Assessing Repeatability of CLEVERArm Exoskeleton Using Healthy Subjects: A Pilot Study

• Published in: IEEE International Conference on Rehabilitation Robotics Vol. 2025; pp. 160 - 165
• Main Authors: Laskar, Adib H., Tafreshi, Reza, Mughees, Muhammad Bin, Al-Halabi, Khaled, Langari, Reza, Wahid, Md Ferdous
• Format: Conference Proceeding Journal Article
• Language: English
• Published: United States IEEE 01.05.2025
• Subjects: Activities of Daily Living; Adult; Correlation; Distance measurement; Equipment Design; Exoskeleton; Exoskeleton Device; Exoskeletons; Female; Healthy Volunteers; Humans; Male; Monitoring; Performance evaluation; Pilot Projects; Propulsion; Rehabilitation; Reliability; Repeatability; Reproducibility of Results; Root mean square; Trajectory; Upper Extremity - physiology; Upper-limb impairment; Visualization; Young Adult
• ISSN: 1945-7901; 1945-7901
• DOI: 10.1109/ICORR66766.2025.11062963

Upper extremity (UE) impairments resulting from non-communicable diseases continue to rise annually across the globe.

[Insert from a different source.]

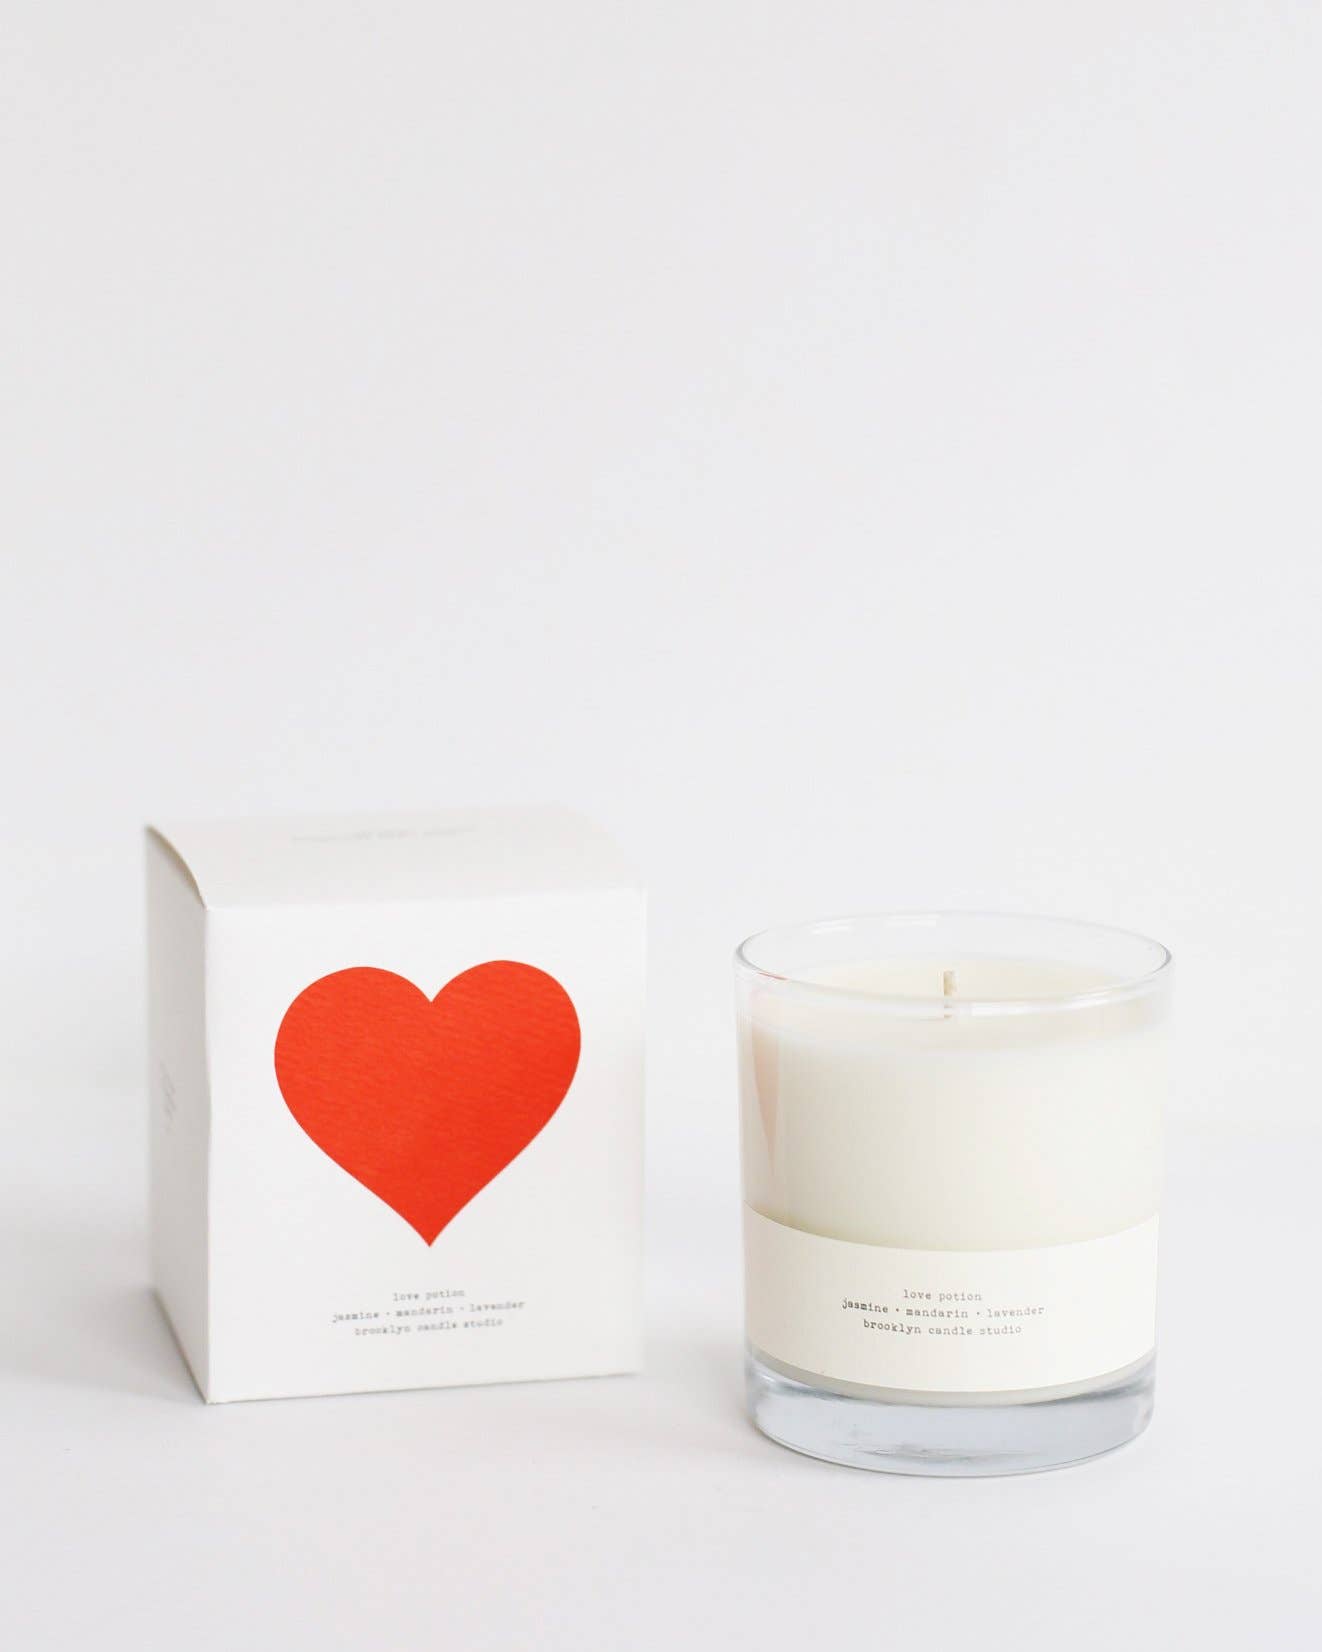 Love Potion Minimalist candle in elegant glass holder with heart box by Brooklyn Candle Studio

Robotic devices offer promising solutions for mitigating the long-term logistical challenges and limited recovery outcomes associated with short-term, one-to-one rehabilitation sessions. This study presents a repeatability analysis of CLEVERArm (compact, lightweight, ergonomic, VR/AR-enhanced rehabilitation arm), an eight-degrees-of-freedom (DOF) robotic exoskeleton for treating patients with UE impairments, focusing on validating both single-DOF (sDOF) and multi-DOF (mDOF) trajectories produced by the device. Eighteen healthy subjects performed tasks ranging from simple to complex UE movements associated with activities of daily living. The device then autonomously repeated the movements made by the participants. Across all tasks, CLEVERArm demonstrated low root mean square deviation (<3.42°), and high correlations (>0.99) between reference and repetition trajectories recorded by absolute encoders. High intra-class coefficient values (>0.9) further constitute the system's consistency and accuracy in UE movement over time. These results suggest that CLEVERArm can reliably replicate input trajectories, providing consistent and positive outcomes in rehabilitation settings. Future work will utilize the device's ability to accurately replicate trajectories for designing personalized rehabilitation regimens, monitoring patient progress, and tailoring exercises to individual needs, ultimately enhancing long-term recovery for patients with UE impairments.